The evidence at trial established that Swanberg had entered into a contract for deed to sell her property to Meyer’s corporation.  The property contained three residential lots, and Swanberg was to receive payments when each lot was sold, for a total purchase price of $82,500.  As Swanberg received her first two payments, she turned most of the proceeds over to Meyer, at his request, so that he could finish houses he was building on the property.

            Meyer does not dispute that Swanberg lent money at his request; nor does he dispute the amount of money still owed Swanberg.  Rather, he argues that Swanberg invested the money in his corporation and that the trial court erred in finding that the transactions were personal loans to him.  He asserts that the overwhelming documentary evidence established that the check tranfers were between Swanberg and his corporation, and that the only evidence to support the trial court’s findings is Swanberg’s testimony that she believed or understood she was lending these sums of money to him personally and that she was dealing with him in his individual capacity.

However, Swanberg’s belief that she was dealing with Meyer as an individual is supported by much more than a bald assertion on her part.  Swanberg testified she returned the checks from the first two closings to Meyer, after he told her that he needed the money to finish the houses he was building on the property.  Swanberg testified that she had no experience in real estate investment, that she did not expect to receive any interest on these loans, and that she believed that she would be repaid when the three lots were sold.  In addition, Meyer acknowledged that he approached Swanberg and that he did not discuss the possibility that she might not recover all of the money or that she might be making a risky investment.  Meyer further acknowledged that there was no written contract, corporate resolution, or other formality to evidence these transactions.

Given the disparate sophistication levels of the parties and the circumstances surrounding the transaction, the trial court was entirely free to accept Swanberg’s claim that she lent the money to Meyer and not his corporation, and to reject Meyer’s rather incredible claim that Swanberg was merely investing in his corporation.  The evidence amply supports the trial court’s finding that an oral contract existed between Swanberg and Meyer individually, in which Swanberg agreed to loan certain sums of money to Meyer.

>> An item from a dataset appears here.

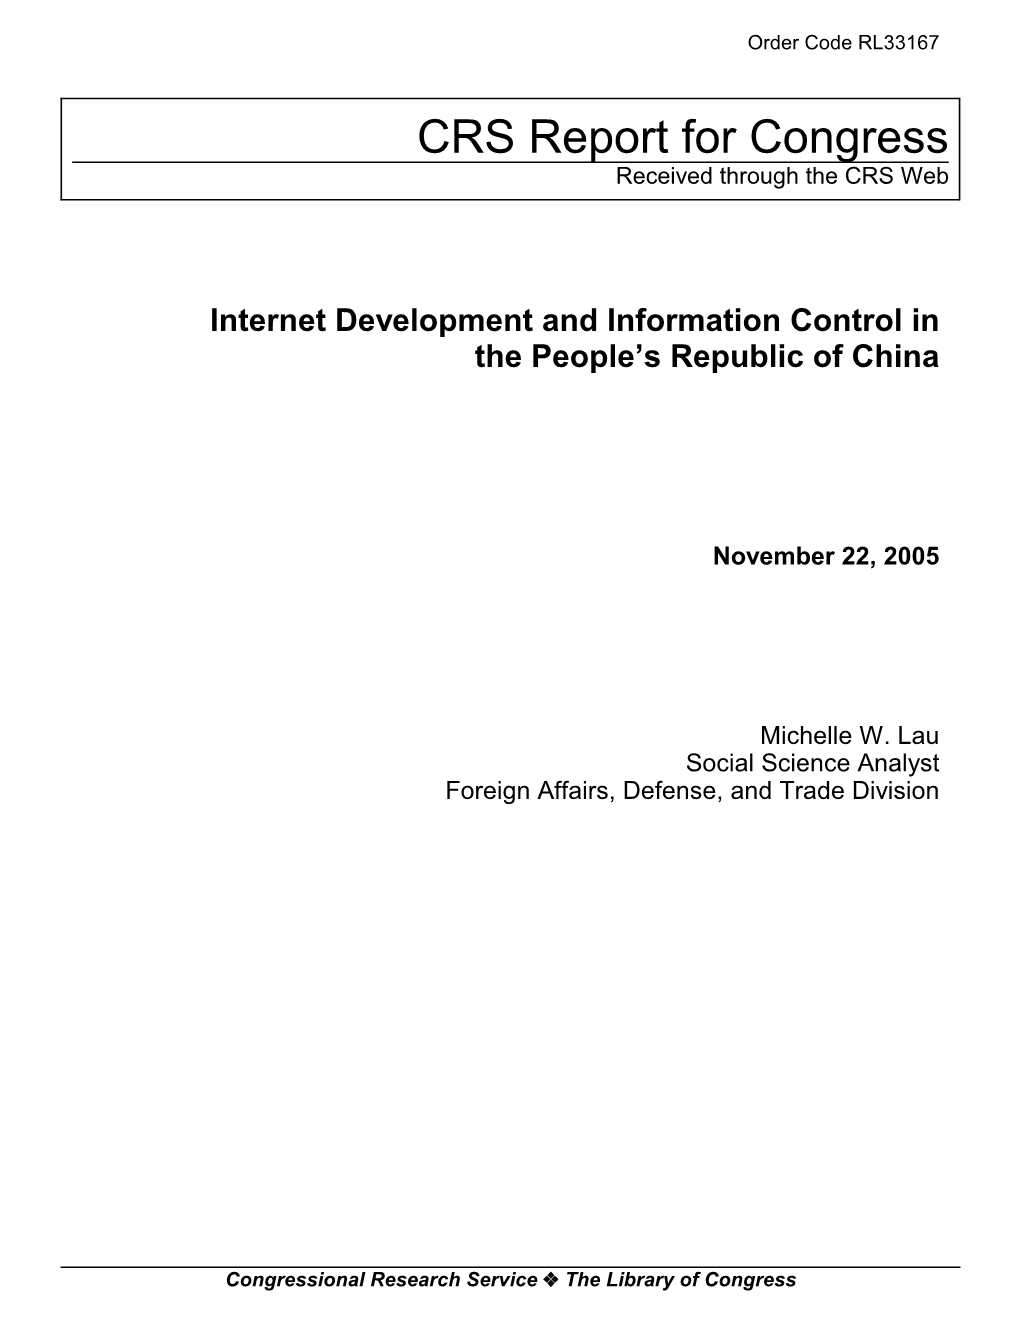 Internet Development and Information Control in the People's Republic Of
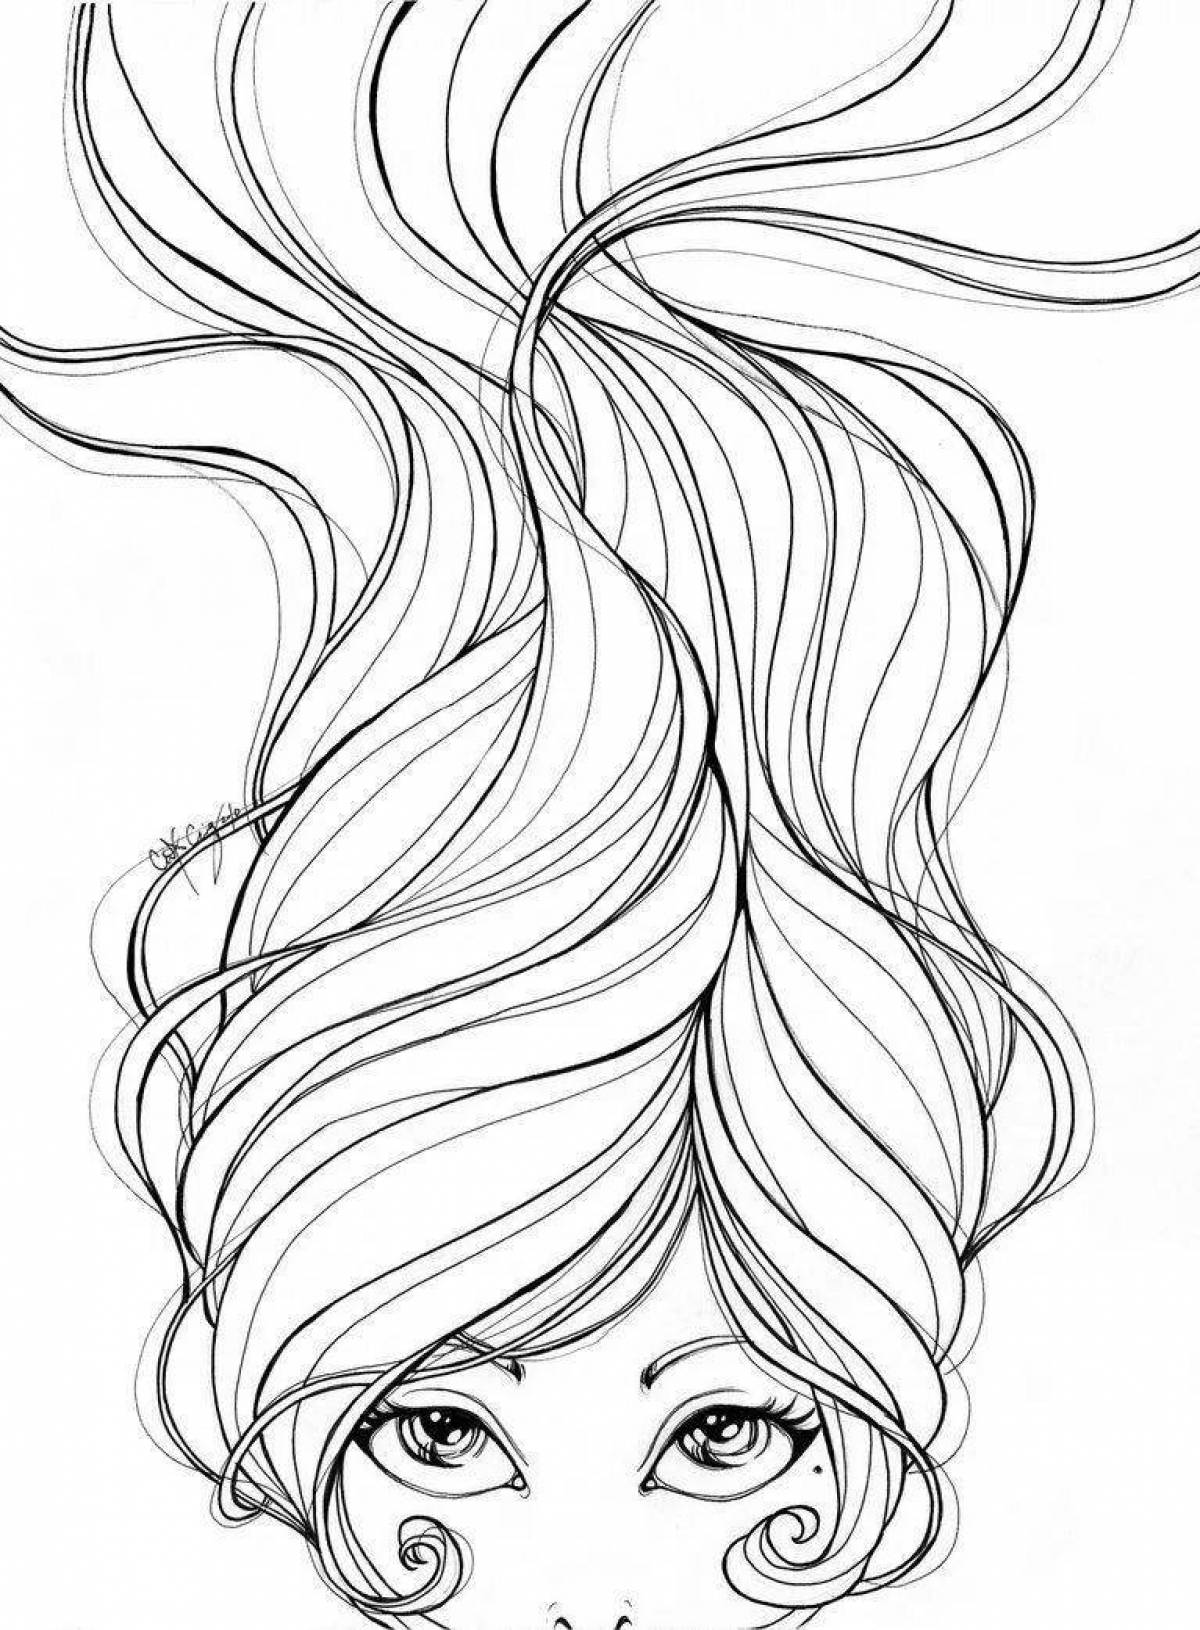 Sparkly girls hair coloring page

            Meyer further argues that the trial court’s decision may have “some very perverse” consequences on the legal rules regarding corporate owner liability.  Meyer insists that no evidence was introduced to justify piercing the corporate liability shield in this case.  See Barton v. Moore, 558 N.W.2d 746, 749 (Minn. 1997).  We disagree. The evidence showed that Meyer did not observe corporate formalities, that he was the sole officer and shareholder of his corporation, and that his corporation may have been “merely a facade” for his individual dealings.  Id. (setting out factors significant to first prong of analysis to determine whether corporate veil should be pierced). 

            Even more significant, the evidence suggests that rendering Meyer individually liable in this case “is necessary to avoid injustice or fundamental unfairness.”  Id. (second prong of analysis).  Meyer carefully documented his corporation’s payments to Swanberg under the contract for deed and then convinced her to return most of the proceeds to him, but gave her no security or other written obligation to evidence this indebtedness.  In addition, Meyer testified that he had no immediate plans to pay Swanberg, even though his corporation is solvent and he profited on the sale of the houses.  As the trial court concluded, “[e]quitable considerations dictate” that Swanberg receive judgment in this case.